Kirstie and her husband, Stuart, pictured right performing at Pole Theatre 2015.
What is your favourite genre of pole?
I love to tell a story. I come from a performance art background having studied, singing, dancing and acting. When I got to taken the stage at pole theatre that was where I felt I could perform exactly how I wanted to. Also in a extremely emotive person and I love to create conflict in people's emotions on he stage. Make them think and feel things they didn't think they would.
Do you prefer static or spinning?
Spinning! I love a good spinning combo, in the last 2 years my love for spinning has grown but I feel maybe my static pole flow has suffered so I would like to try to concentrate on that a little. I feel balance is key in pole with anything, you can love one component of pole but trying not to neglect the other. Much like strong side weak side.
Do you use any grip aids when poling?
I do! I suffer with lots of skin problems due to all the medication I'm on and the radiation therapies. I'm pretty dry so I like Itac!

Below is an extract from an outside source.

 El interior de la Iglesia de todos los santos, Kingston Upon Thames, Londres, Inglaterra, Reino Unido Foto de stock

What are you pole dancing goals?
At the moment to compete again and hopefully win!
Is there a specific pole move you want to nail?

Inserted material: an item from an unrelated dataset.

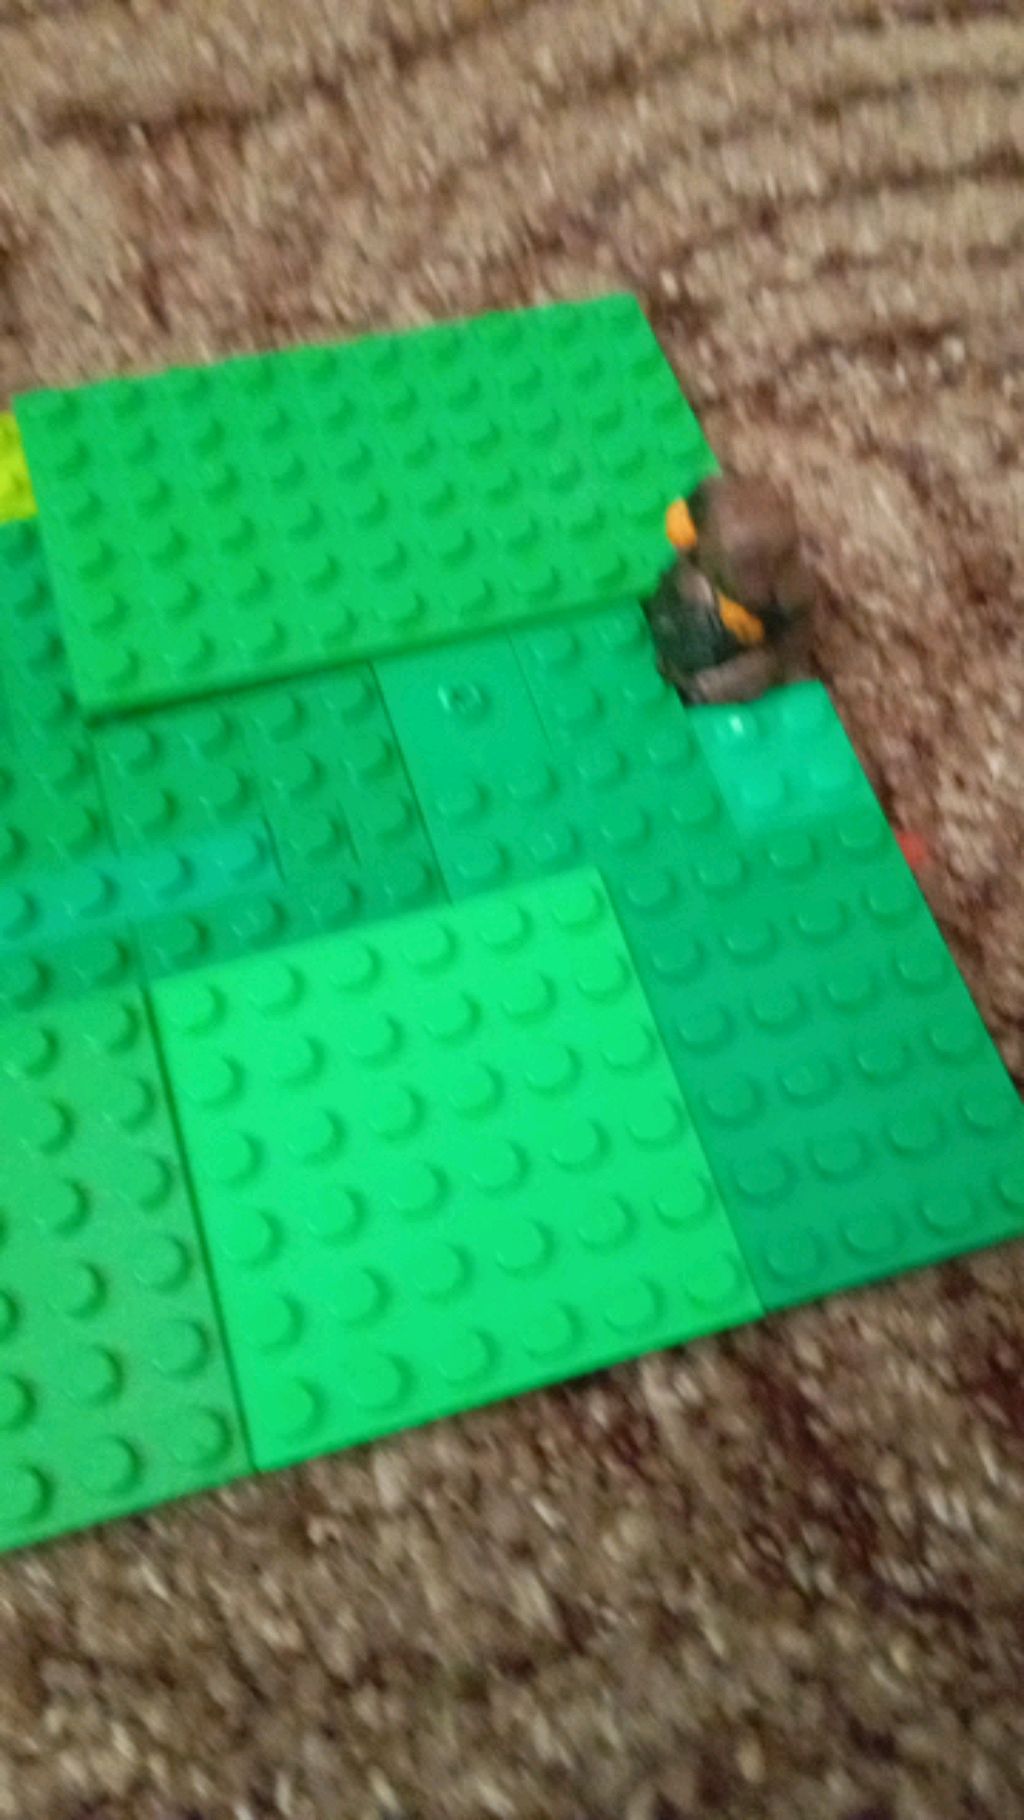 Shadow Freddy fazbear Lego

I have been working on rainbow marchencho.
Who in the world of pole inspires you most?
Lots of people inspire me, Amy Williams, my coach, inspires me a lot. I'm a huge Felix Cane fan. I've been in the industry a long time and back in the day we would look at videos of Felix and simply wonder at how she moved and created these amazing shapes. I still do but she was at the forefront of the industry doing amazing new things. She paved the way for a lot of us. Now I can Eagle and that is something I never thought I would achieve.
Would you recommend pole dancing to other CF sufferers and if so do you have any advice for instructors about how to make classes more inclusive for those with illness?

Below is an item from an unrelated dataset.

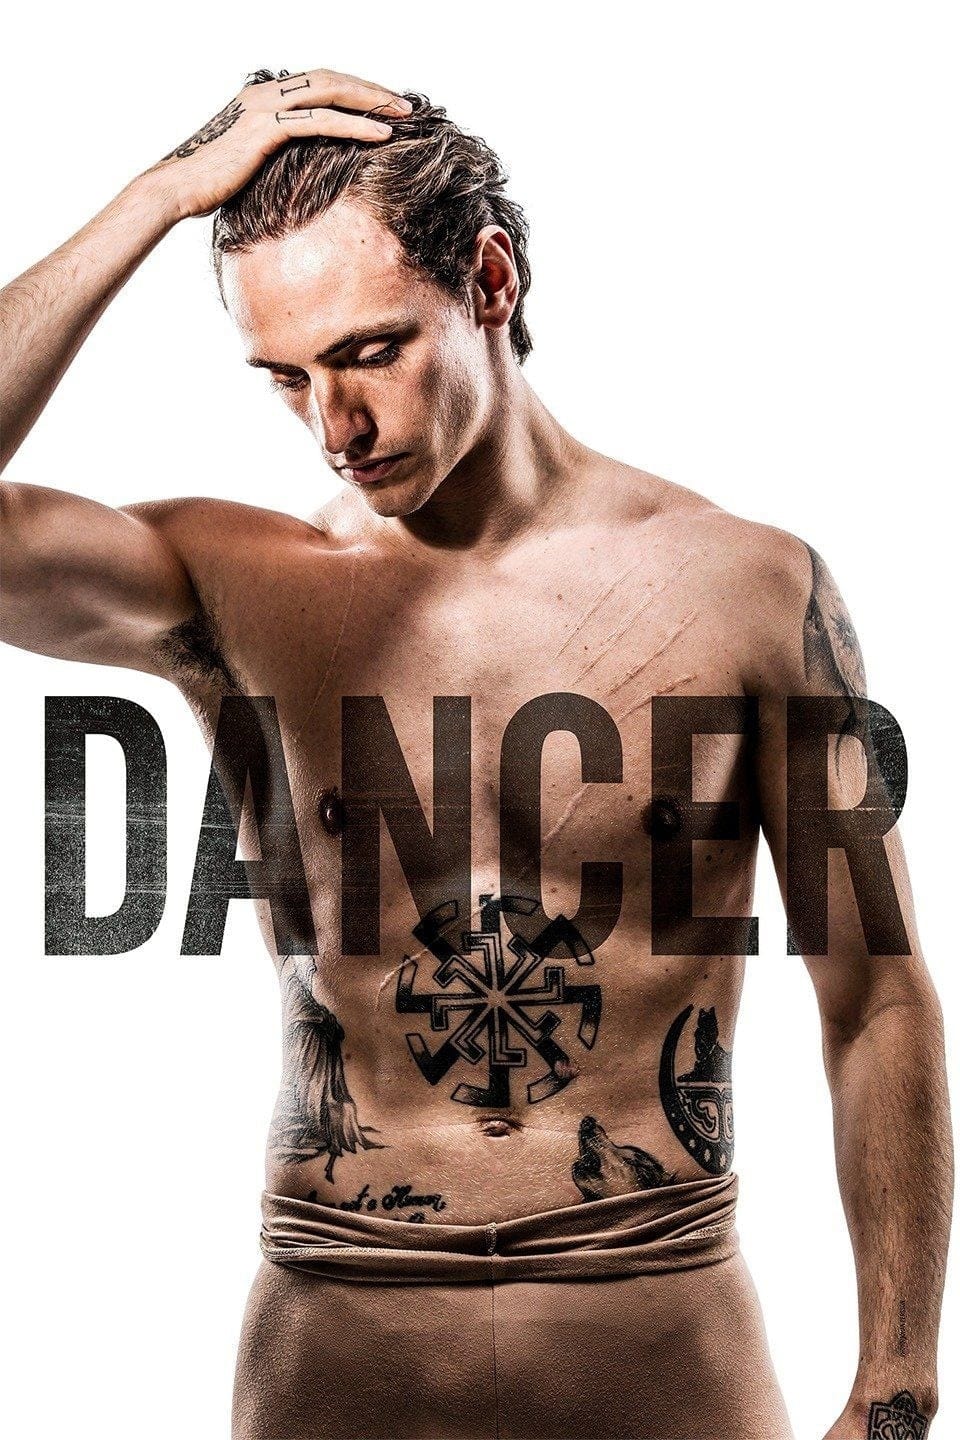 Dancer est-il disponible sur Netflix ou autre ?

Most definitely! To me it's communication! Talk to them never patronise or assume they can't because of there illness/disability. I hate when people presume to tell me what I can, can't, should and shouldn't do. Everyone with cystic fibrosis is different as with any illness, disability. I teach a lot of people with various illnesses and my main approach is to push them just as hard but make it known that they can tell me at any point of somethings not right for them. I approach all my students as individuals anyway and I think that provides a nourishing environment for people to grow as individuals, artists and athletes.